▶ The problem
Give again, word for word, each line below starting at the one that contains "Genuine Asus UX31A2" and ending at the one that contains "Lavoare si accesorii".

▶ Information supplied
━━━━━━━━━━

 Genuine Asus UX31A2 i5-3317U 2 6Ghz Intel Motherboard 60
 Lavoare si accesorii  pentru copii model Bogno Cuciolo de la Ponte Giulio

━━━━━━━━━━

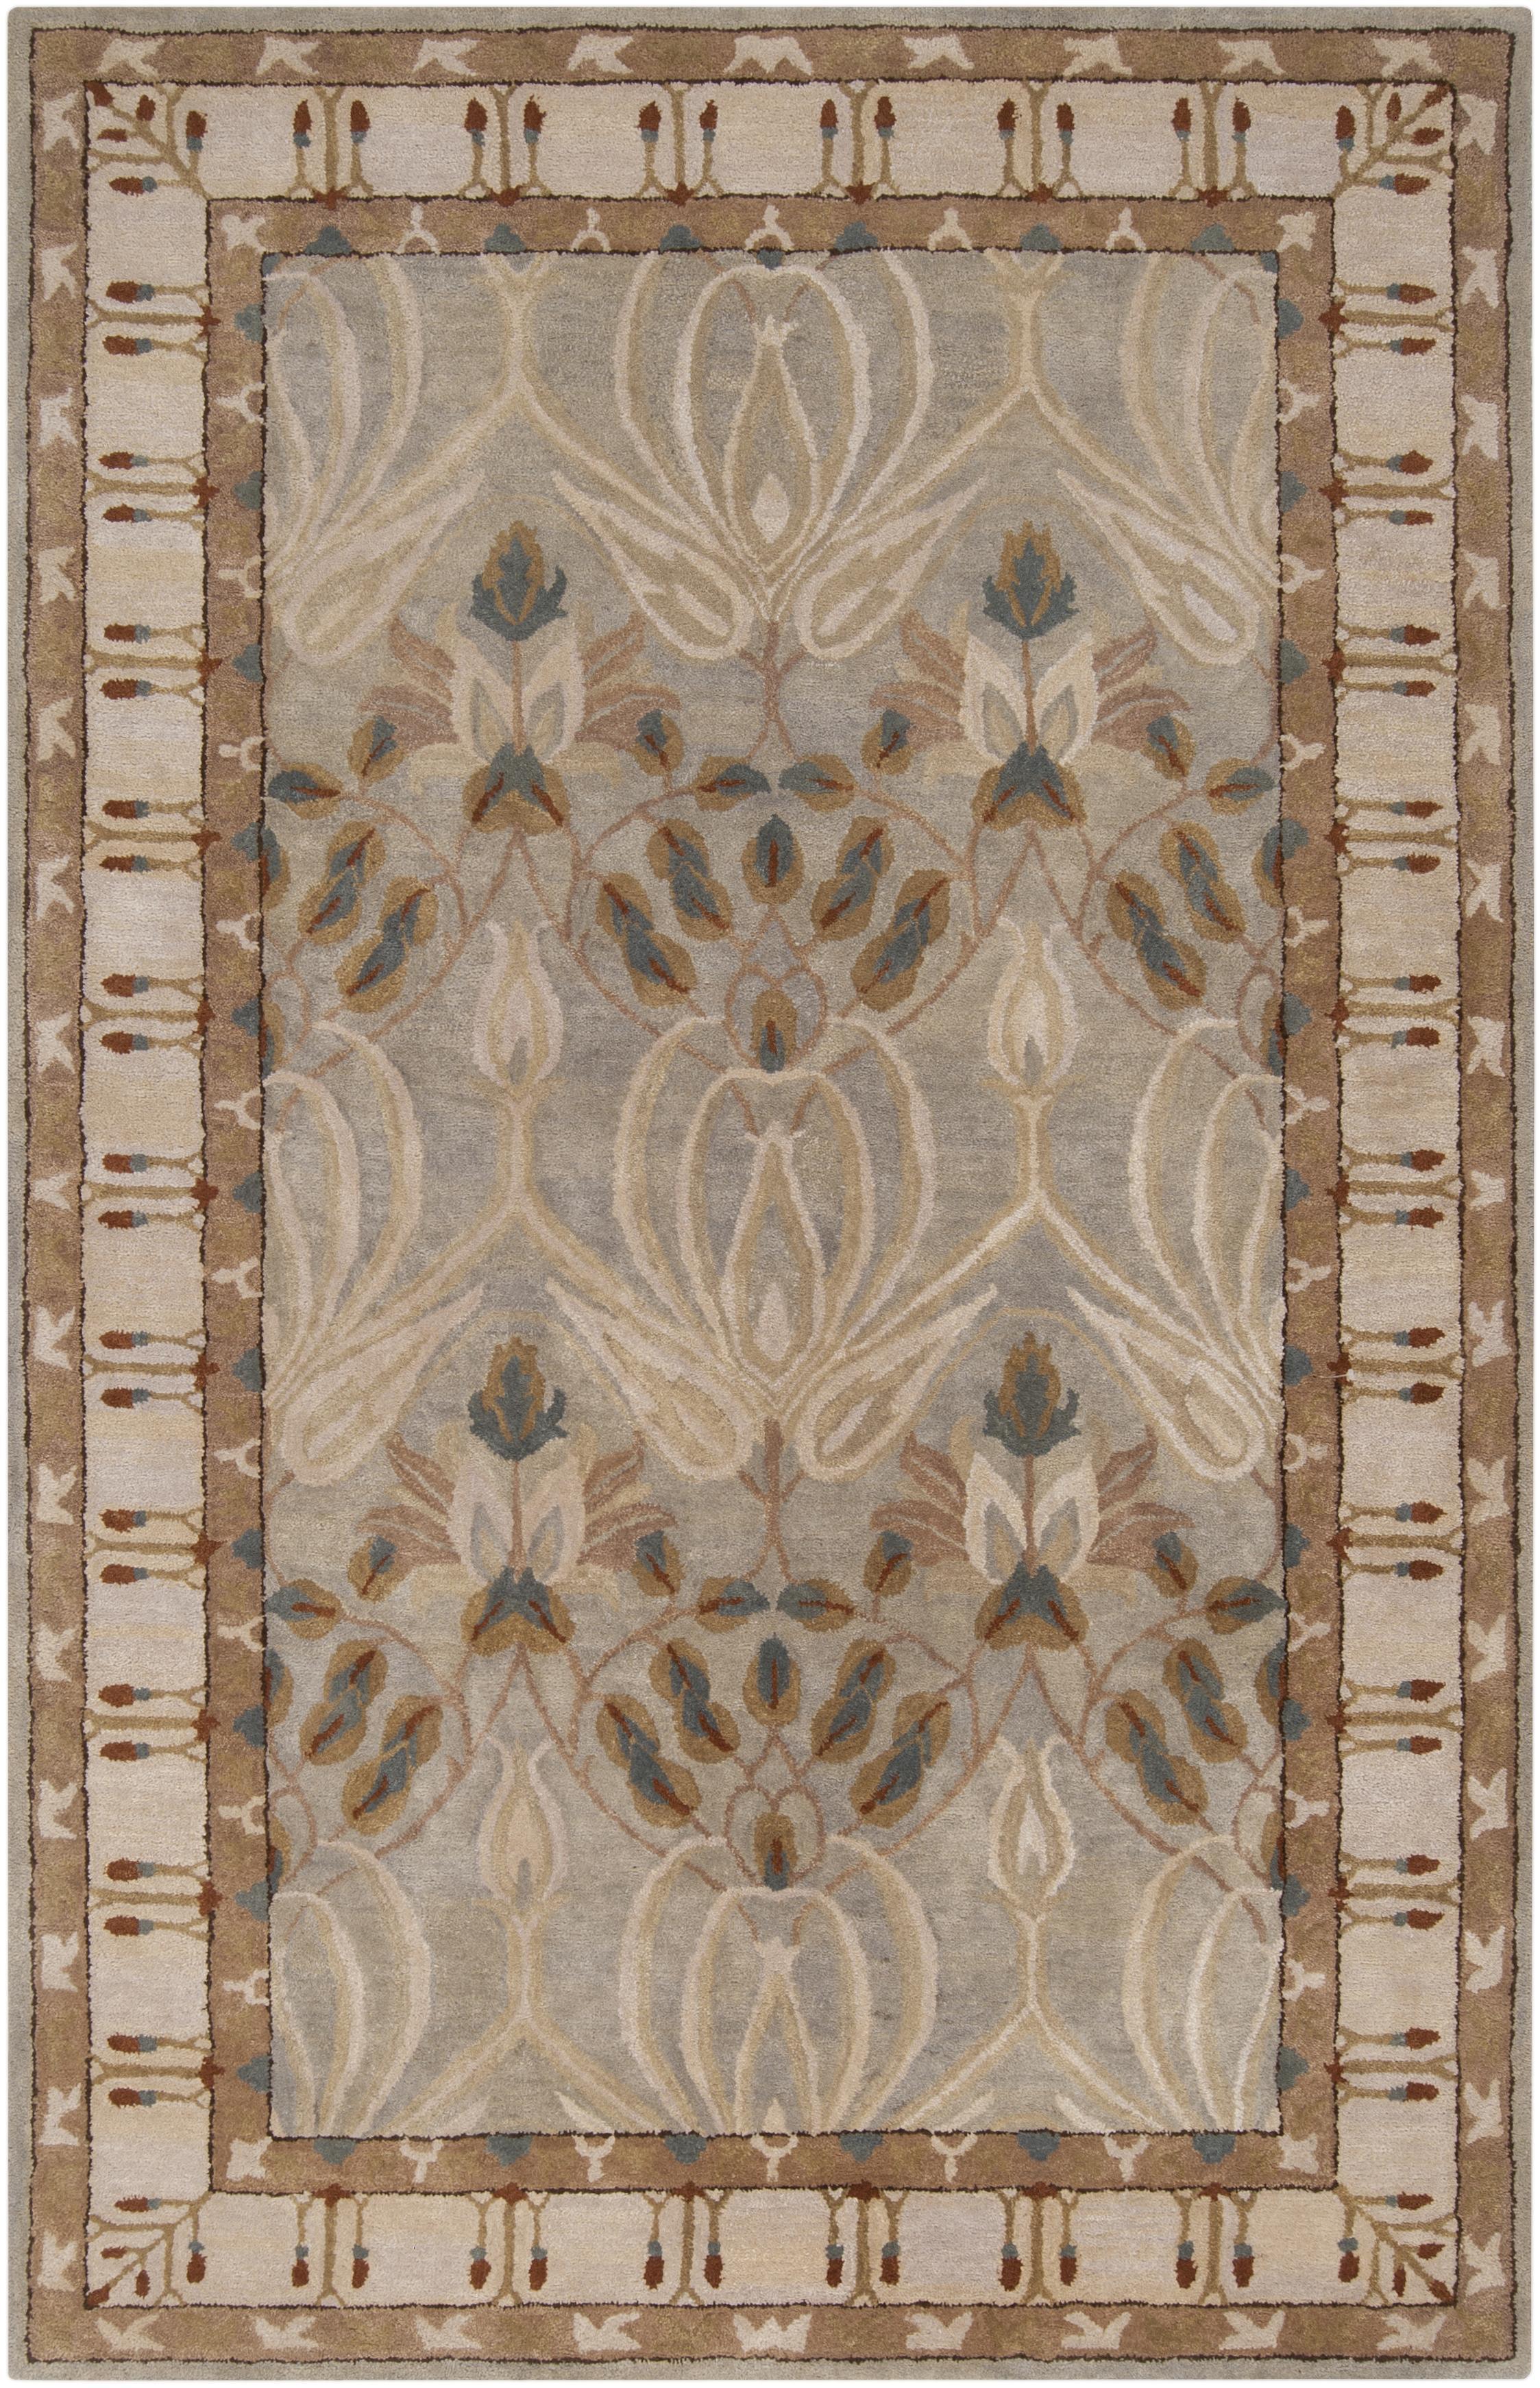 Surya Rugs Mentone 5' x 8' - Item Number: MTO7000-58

━━━━━━━━━━

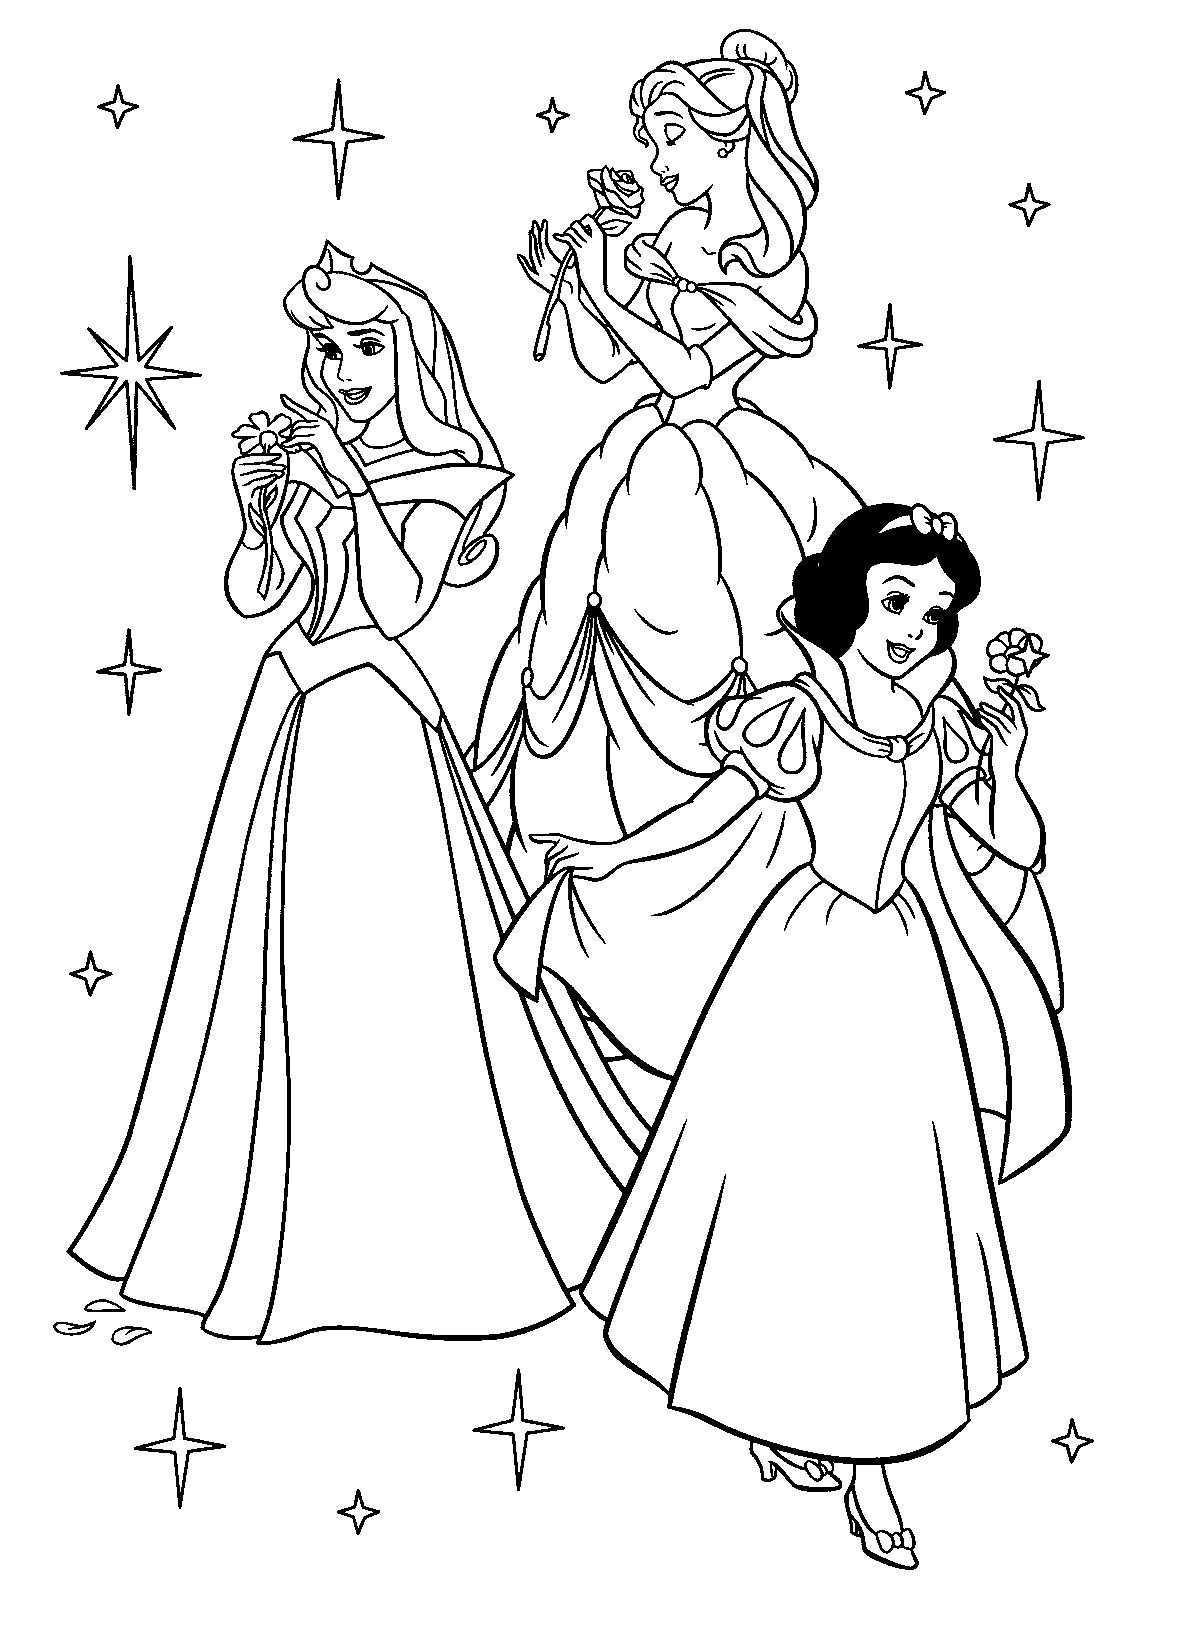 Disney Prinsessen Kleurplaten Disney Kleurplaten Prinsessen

━━━━━━━━━━

▶ Response below
 Genuine Asus UX31A2 i5-3317U 2 6Ghz Intel Motherboard 60
 Lavoare si accesorii  pentru copii model Bogno Cuciolo de la Ponte Giulio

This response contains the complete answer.